DATASET RECORDS:

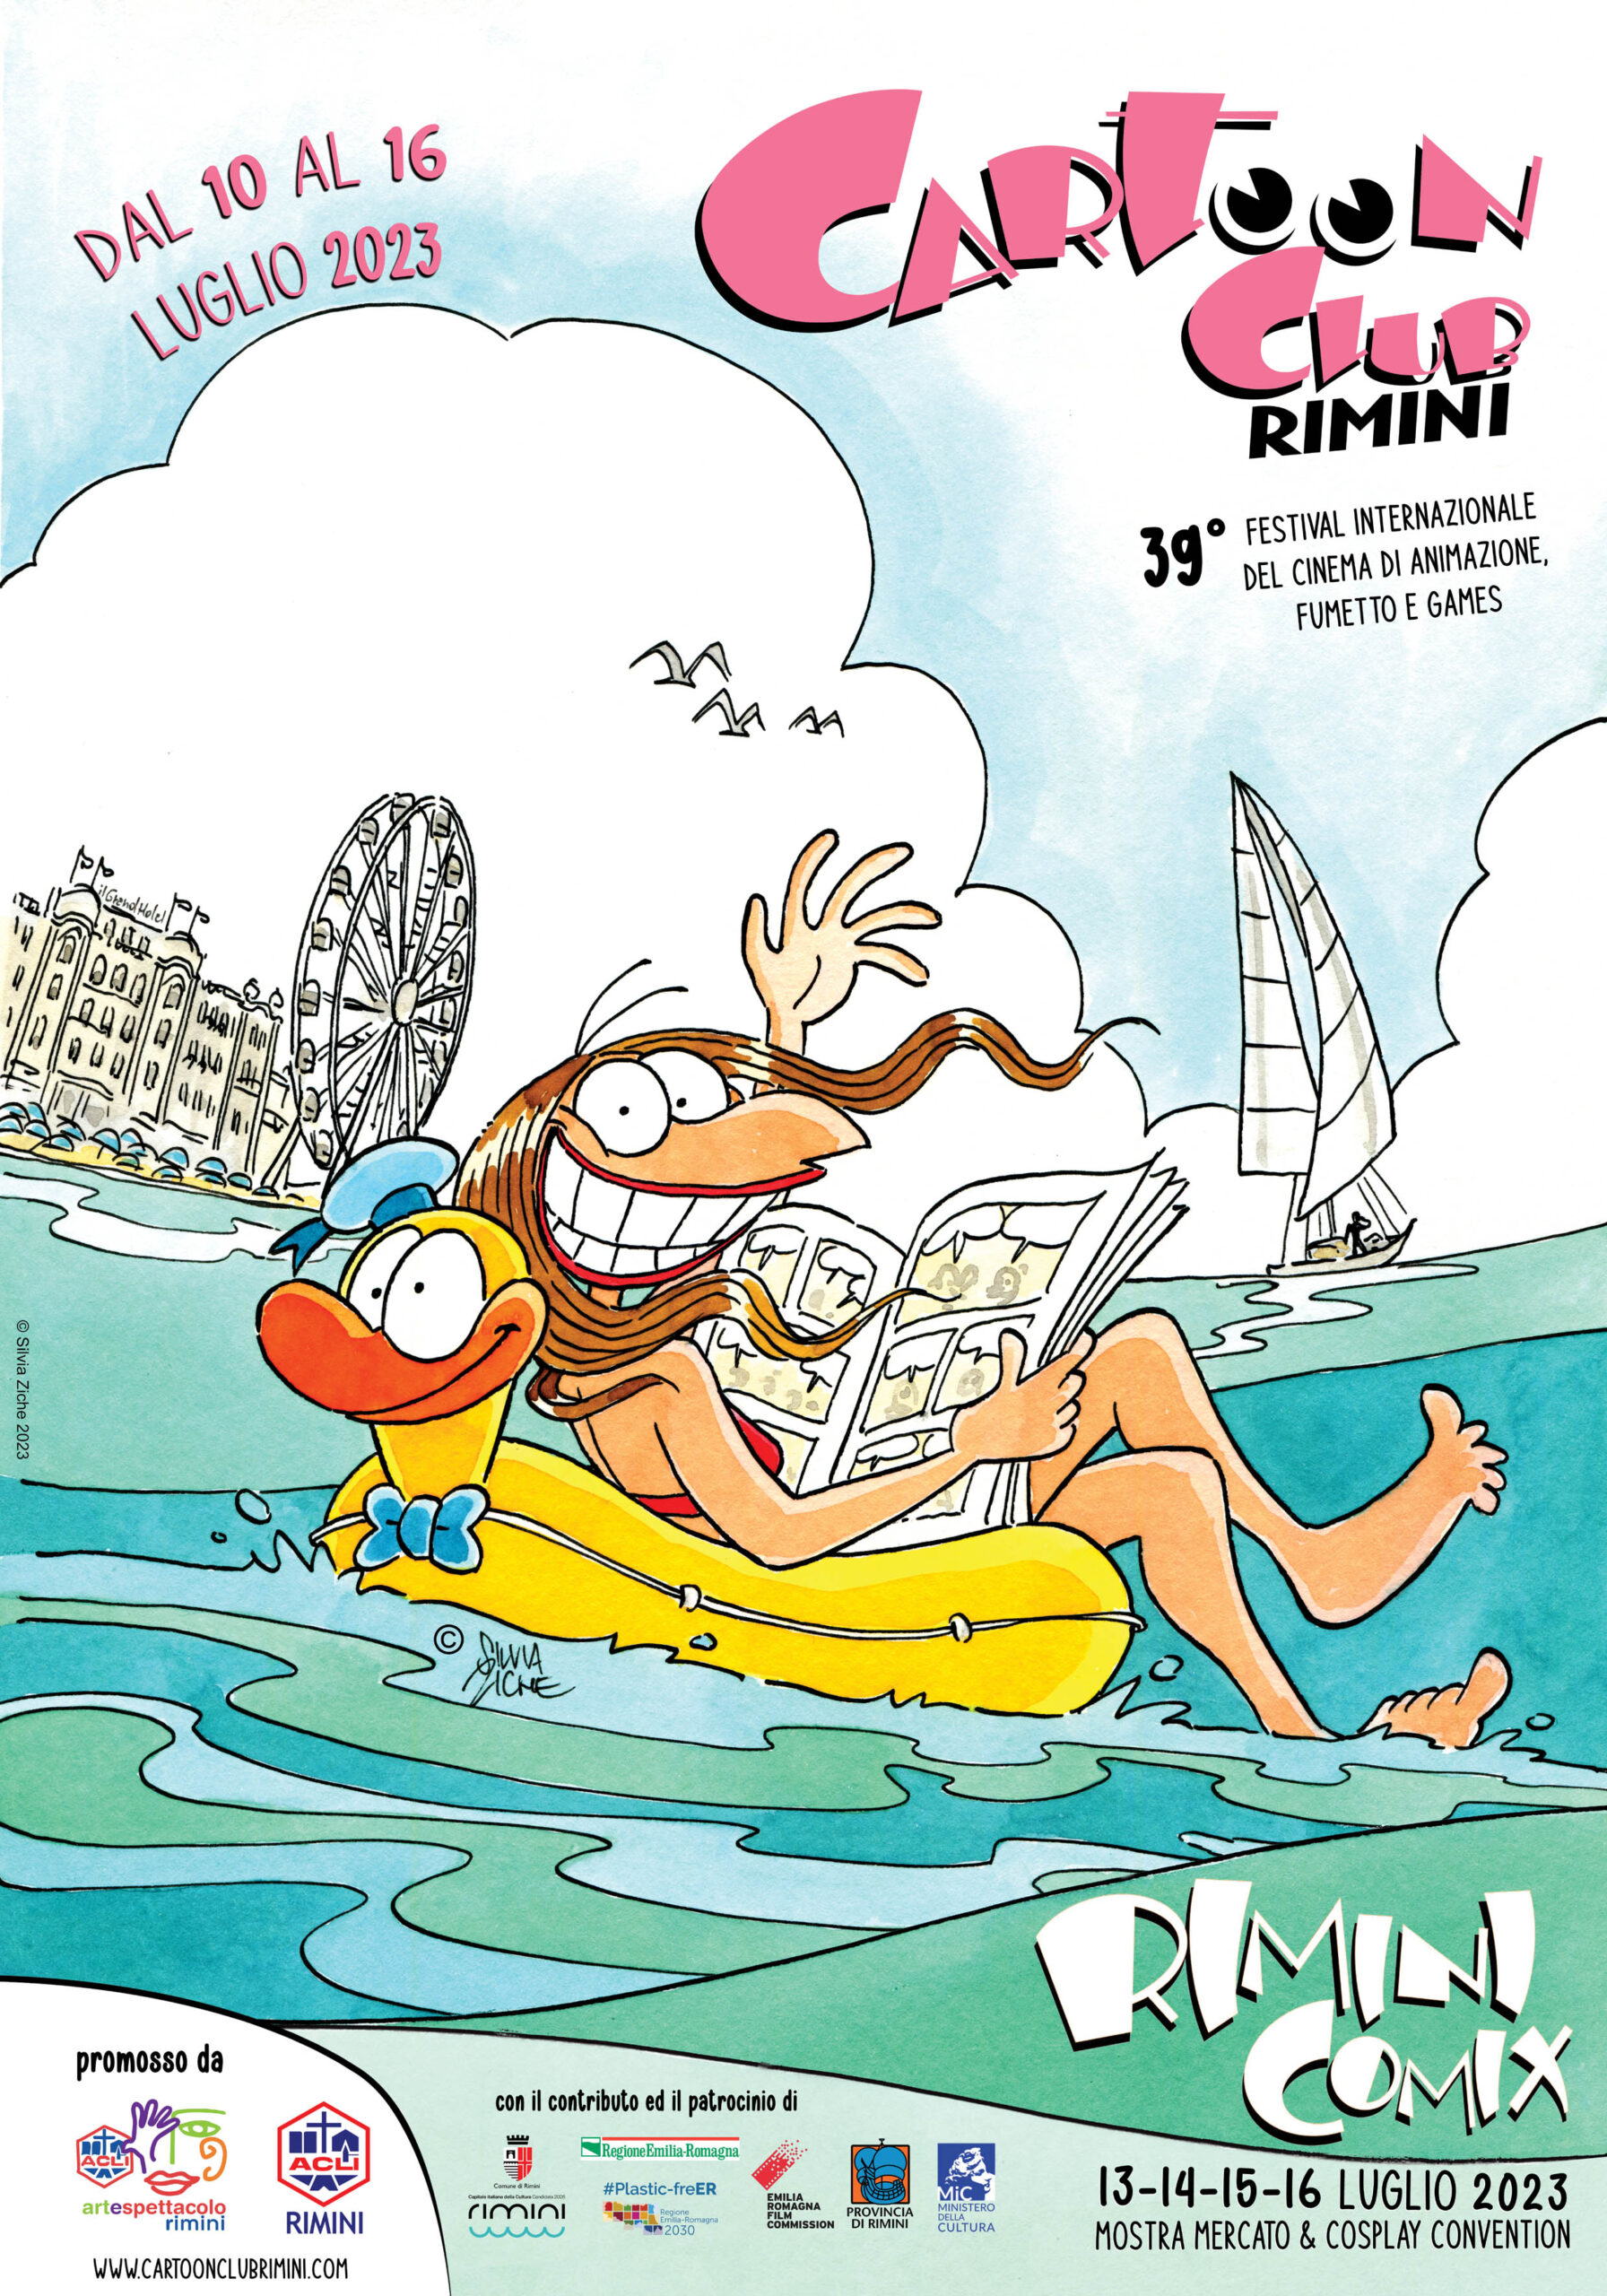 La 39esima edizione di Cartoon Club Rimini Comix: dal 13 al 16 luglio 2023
--
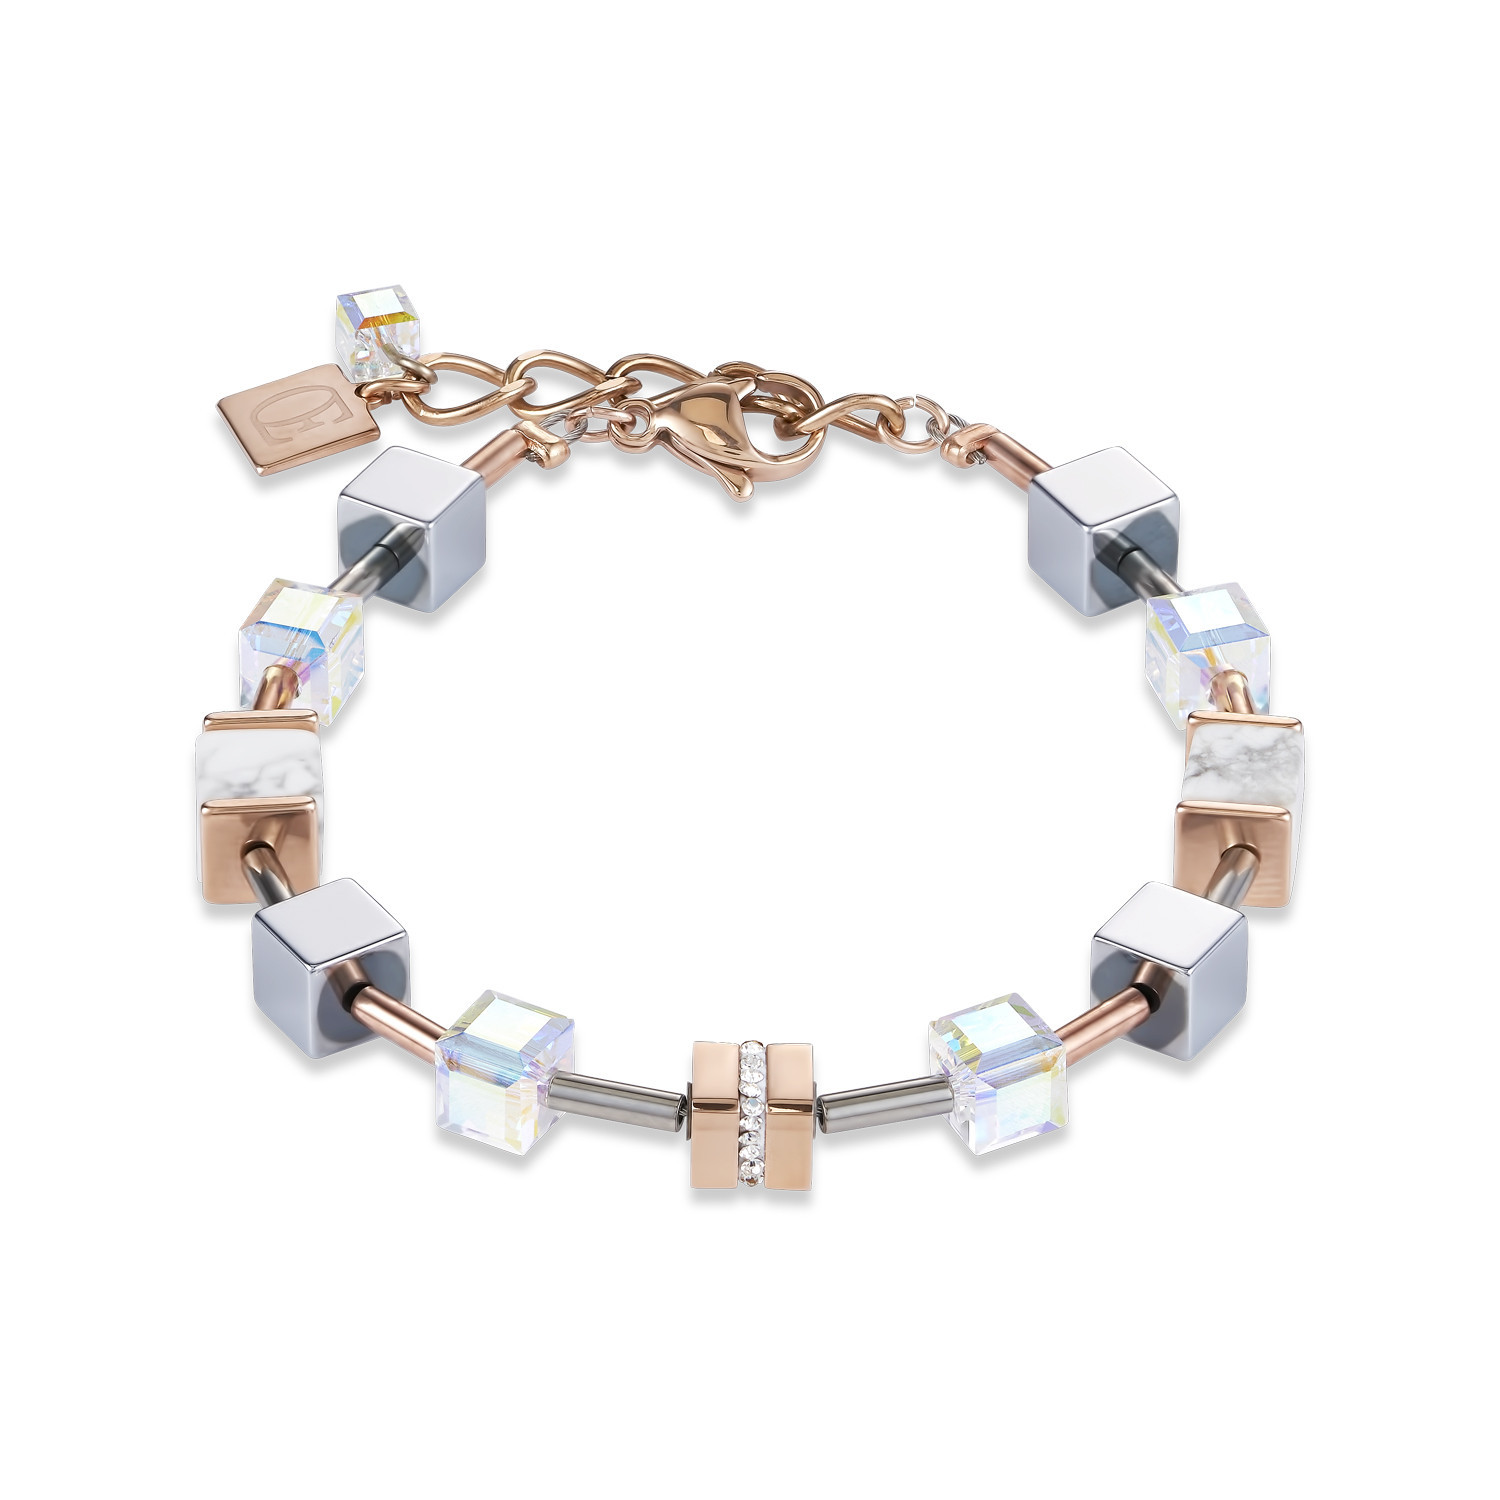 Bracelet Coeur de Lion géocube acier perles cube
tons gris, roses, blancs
--
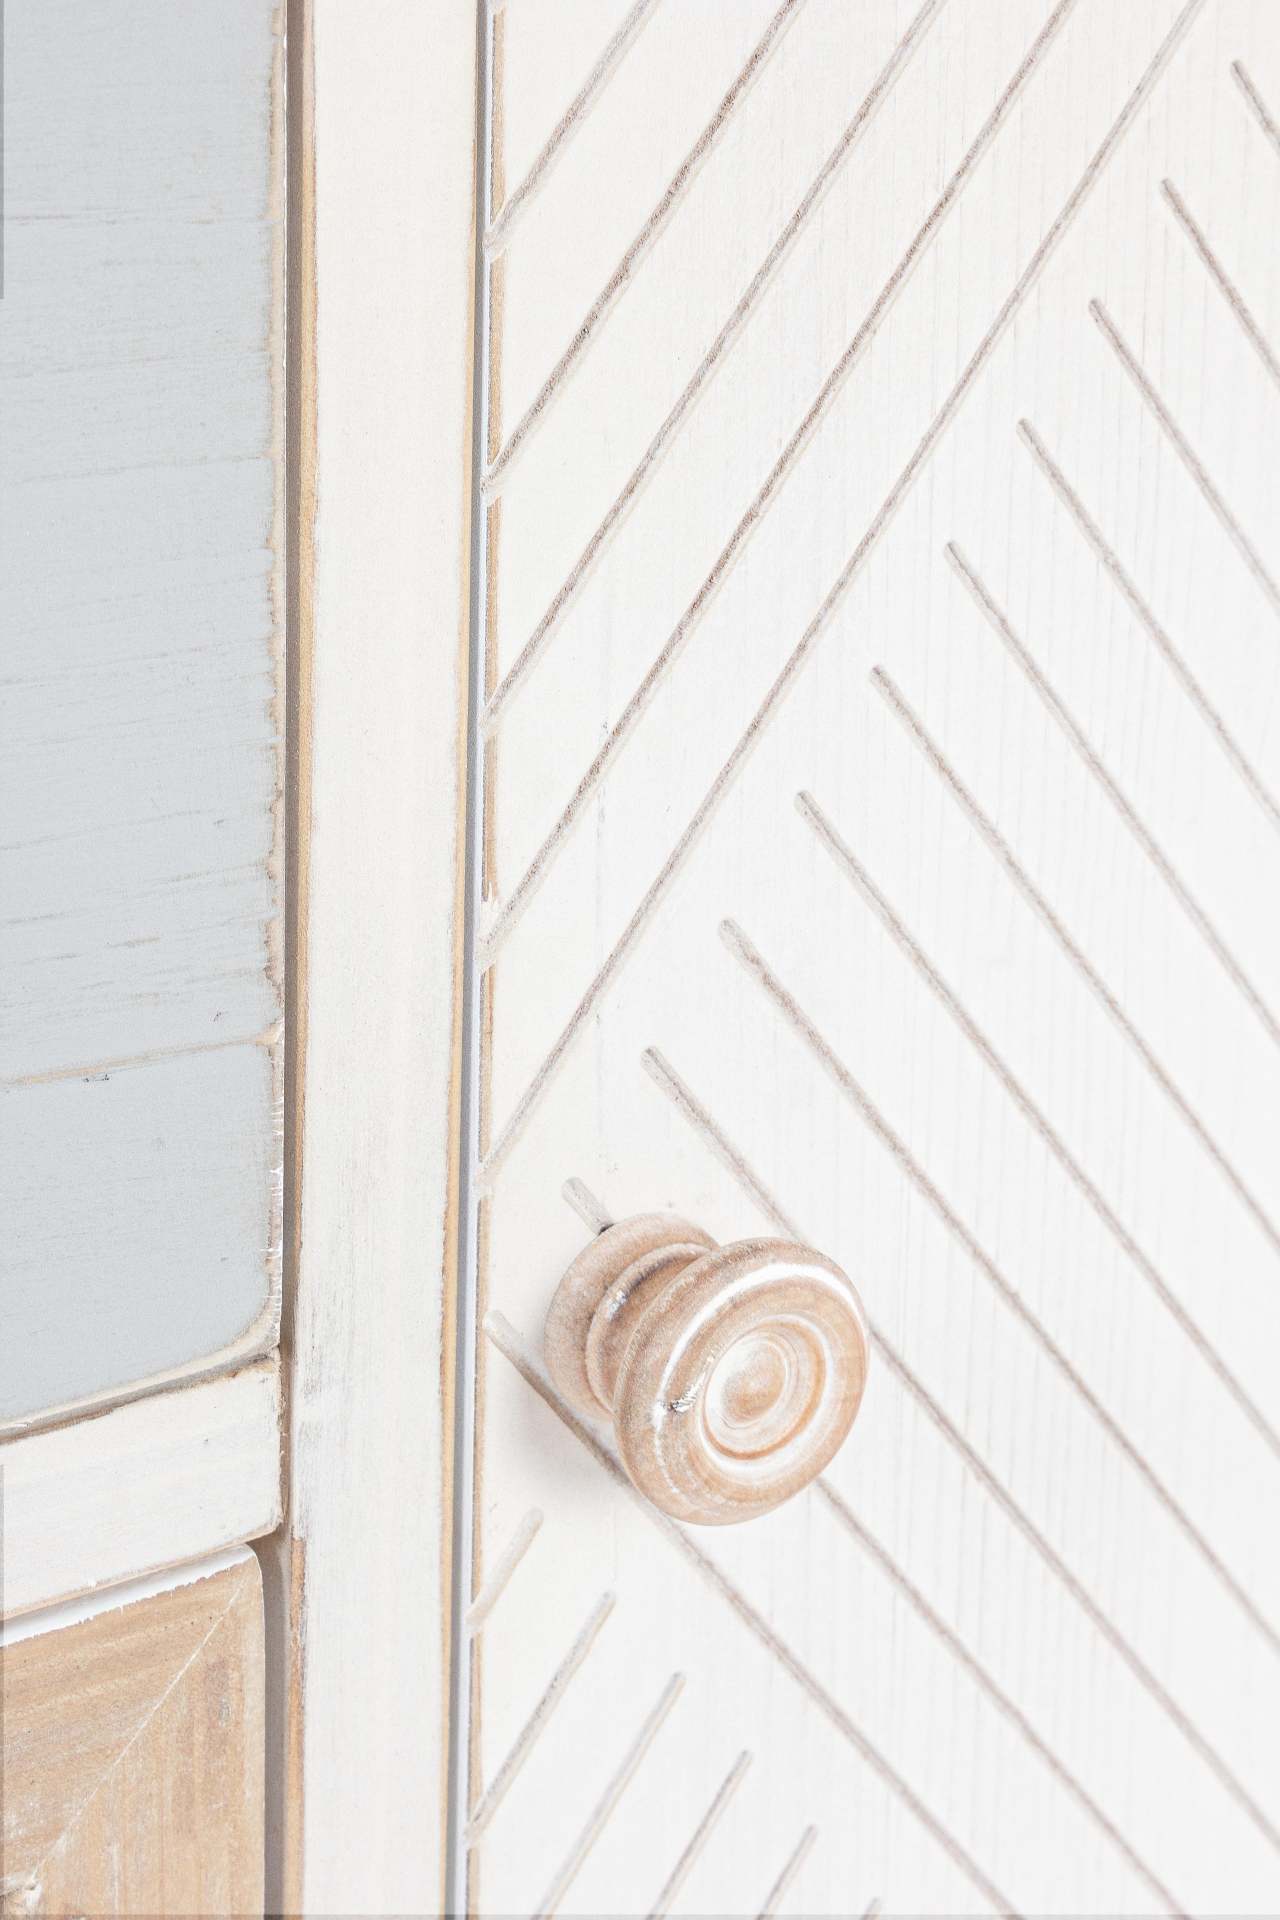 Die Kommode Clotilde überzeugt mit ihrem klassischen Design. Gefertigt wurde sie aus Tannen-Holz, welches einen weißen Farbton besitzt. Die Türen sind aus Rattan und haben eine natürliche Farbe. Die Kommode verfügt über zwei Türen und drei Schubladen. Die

PROBLEM TO WORK ON:
Everything between and including the line above containing "Bracelet Coeur de" and the line containing "tons gris, roses, blancs" should be reproduced exactly, with pictures excluded.

SOLUTION TO THIS TASK:
 Bracelet Coeur de Lion géocube acier perles cube
tons gris, roses, blancs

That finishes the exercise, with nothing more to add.